1. Un Natale rovinato?

Un altro “Natale di guerra” con il covid - il secondo dallo scoppio della pandemia - mette a dura prova il clima festoso che ha sempre caratterizzato questa festa. Già la formula del “distanziamento sociale” contraddice la sua essenza, che tradizionalmente è quella di riunire intorno a una bella tavola imbandita, in un clima di serena distensione e di allegria, le famiglie disperse, gli amici lontani, tutti coloro che i ritmi inesorabili della società contemporanea  hanno diviso nel corso dell’anno. E invece no: mascherine, niente abbracci, niente assembramenti, ambienti ben aereati (e quindi esposti al freddo invernale).

E questo è ancora solo un aspetto, per quanto importante, del problema. Per ciò che ormai da tempo il Natale significa nella società odierna – la celebrazione del consumismo di massa -  la pandemia viene a rovinare  anche l’economia, rendendo più precaria la corsa agli acquisti, i viaggi, le cene al ristorante. Anche perché il virus ha rivelato una terribile capacità di mutazione e si ripresenta in sempre nuove varianti – l’ultima è quella omicron - , facendo temere che presto non basteranno più per definirlo tutte le lettere dell’alfabeto greco.

2. La nuova conflittualità sui vaccini e il green pass

C’è tuttavia qualcosa, nel momento attuale, che colpisce più alla radice il senso del Natale. Essa ha sempre rappresentato la festa della bontà, in cui la durezza dei cuori si scioglie e lascia affiorare barlumi di solidarietà e di fraternità abitualmente soffocati dalle logiche spietate del “terribile quotidiano”.

Di questa fraternità, oggi, stentiamo molto a vedere delle tracce. Le misure approntate dai vai governi per contenere la pandemia, in particolare la campagna vaccinale e l’obbligo del green pass, hanno scatenato in diversi Paesi reazioni che vanno dal rassegnato vittimismo di chi deve sottostare a una prevaricazione dei propri più sacri diritti,  a una protesta, che assume anche forme violente.

Ormai tramontate le guerre di religione, finiti anche i tempi delle contrapposizioni ideologiche, sperimentiamo con un po’ di stupore che le fratture,  un tempo dovute a quelle divergenze ideali, si verificano oggi, con non minore drasticità, per la questione dei vaccini.  Quello che nel vangelo si preannunziava come effetto  della nuova fede - «separare l'uomo da suo padre e la figlia da sua madre e la nuora da sua suocera» (Mt 10,35) – lo stiamo oggi sperimentando per i problemi legati all’esistenza della pandemia e alle eventuali misure  per il suo contenimento.

Amicizie saldissime si sono incrinate, su questi temi  per la foga della reciproca polemica. All’interno delle famiglie si sono accese aspre discussioni.

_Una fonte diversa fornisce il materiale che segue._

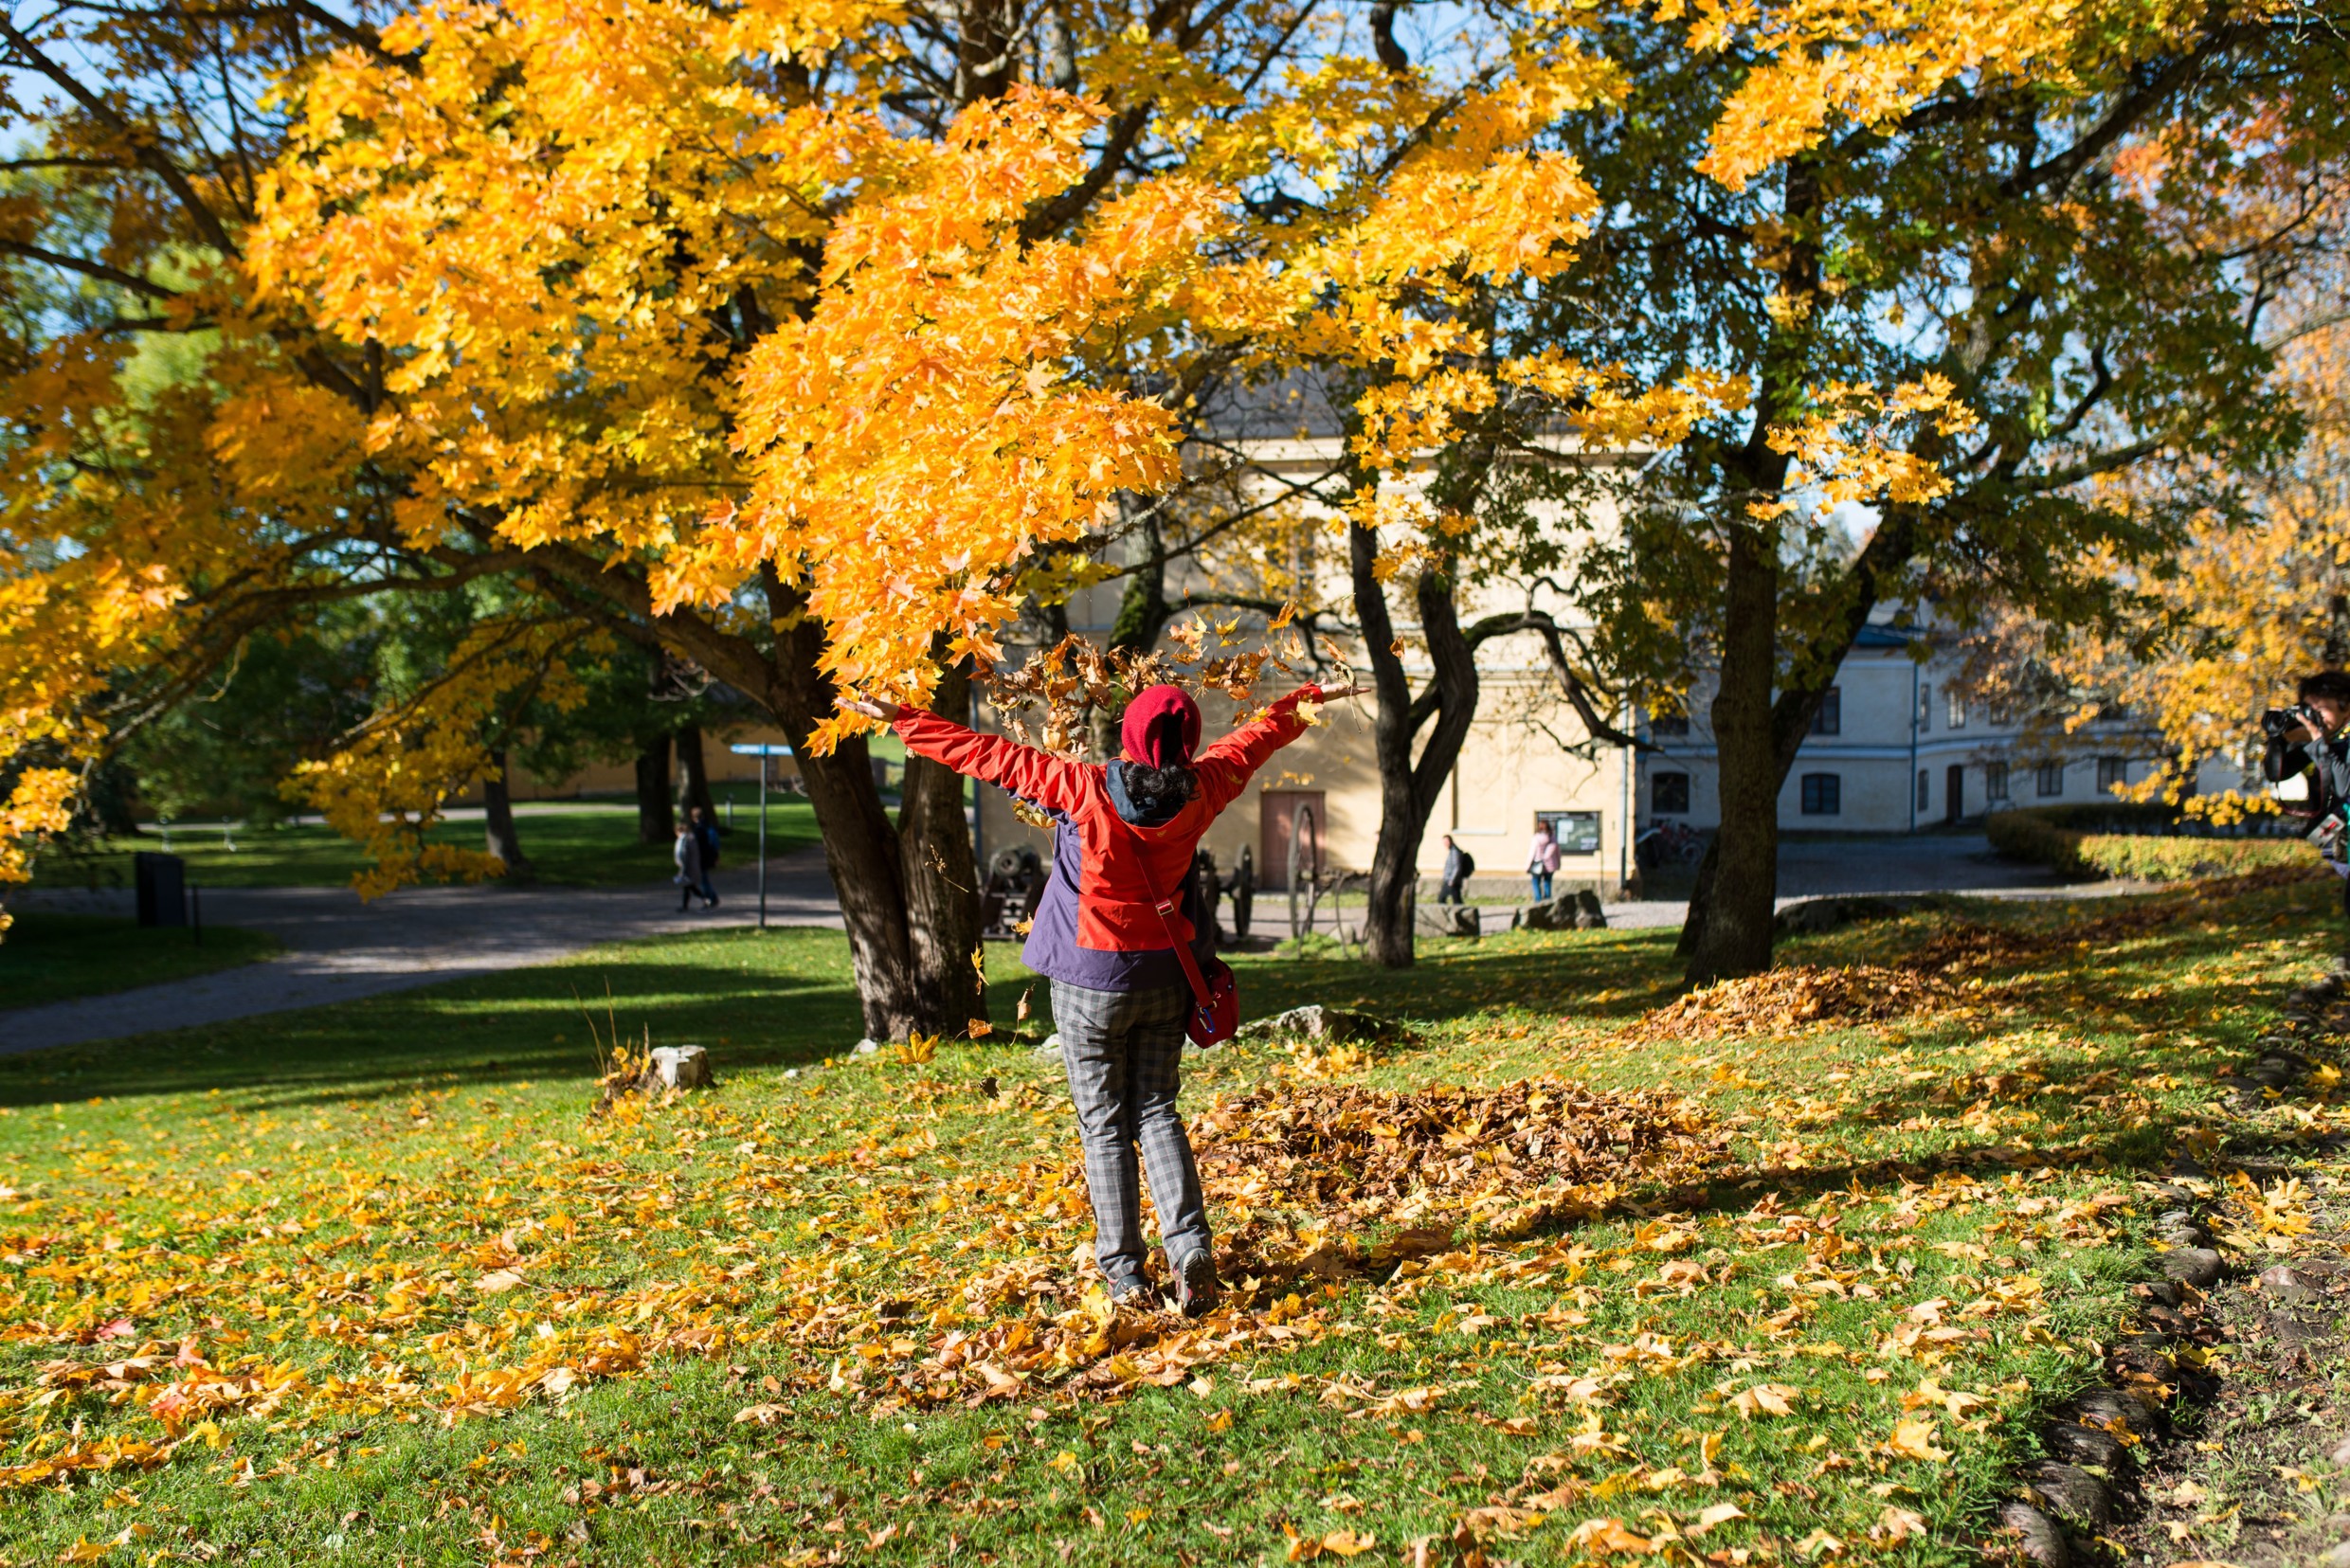 Aikuinen heittää syksyn kellastamia lehtiä ilmaan puistossa.

Nessun vaccino – anzi più in generale, nessun farmaco (nemmeno la famosa pillola anticoncezionale) – aveva forse mai diviso gli animi quanto questo.

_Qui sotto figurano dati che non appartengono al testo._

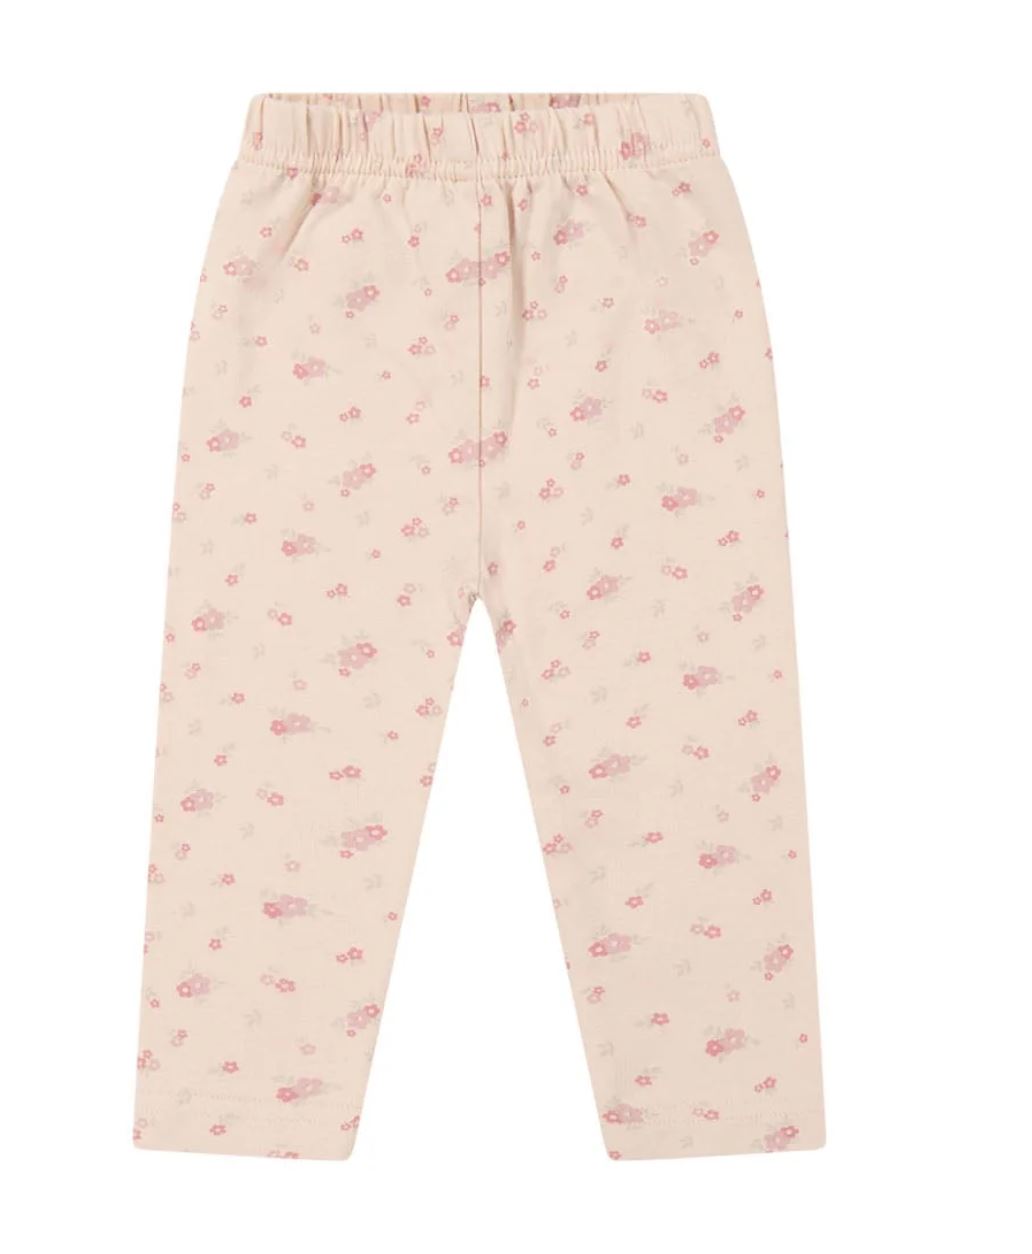 Organic Cotton Legging - Floral Pink

3. Dagli intellettuali ai social, una guerra fratricida

Lo scontro non si svolge solo a livello privato, ma ha il suo riscontro pubblico a livello intellettuale. A fronte di una maggioranza della comunità scientifica che attesta la gravità del fenomeno, ci sono state persone di cultura, come il filosofo Agamben, che parlano della «invenzione  di un’epidemia», con cui si sarebbe trasformata «una normale influenza, non molto dissimile da quelle ogni anno ricorrenti», in una catastrofe umanitaria, allo scopo di giustificare «frenetiche, irrazionali e del tutto immotivate misure di emergenza».

In  netta contrapposizione a papa Francesco, secondo cui   il vaccino «può salvare tante vite umane, non dimentichiamolo», c’è stata la durissima denunzia  di mons. Carlo Viganò, arcivescovo e già nunzio apostolico negli Stati Uniti: «Ci siamo svegliati un po’ tardi, è vero, ma stiamo cominciando a capire che ci hanno ingannato per quasi due anni, raccontandoci cose che non corrispondevano alla realtà, dicendo che non c’erano cure, che si moriva di Covid, mentre uccidevano deliberatamente i contagiati per farci accettare mascherine, lockdown e coprifuoco».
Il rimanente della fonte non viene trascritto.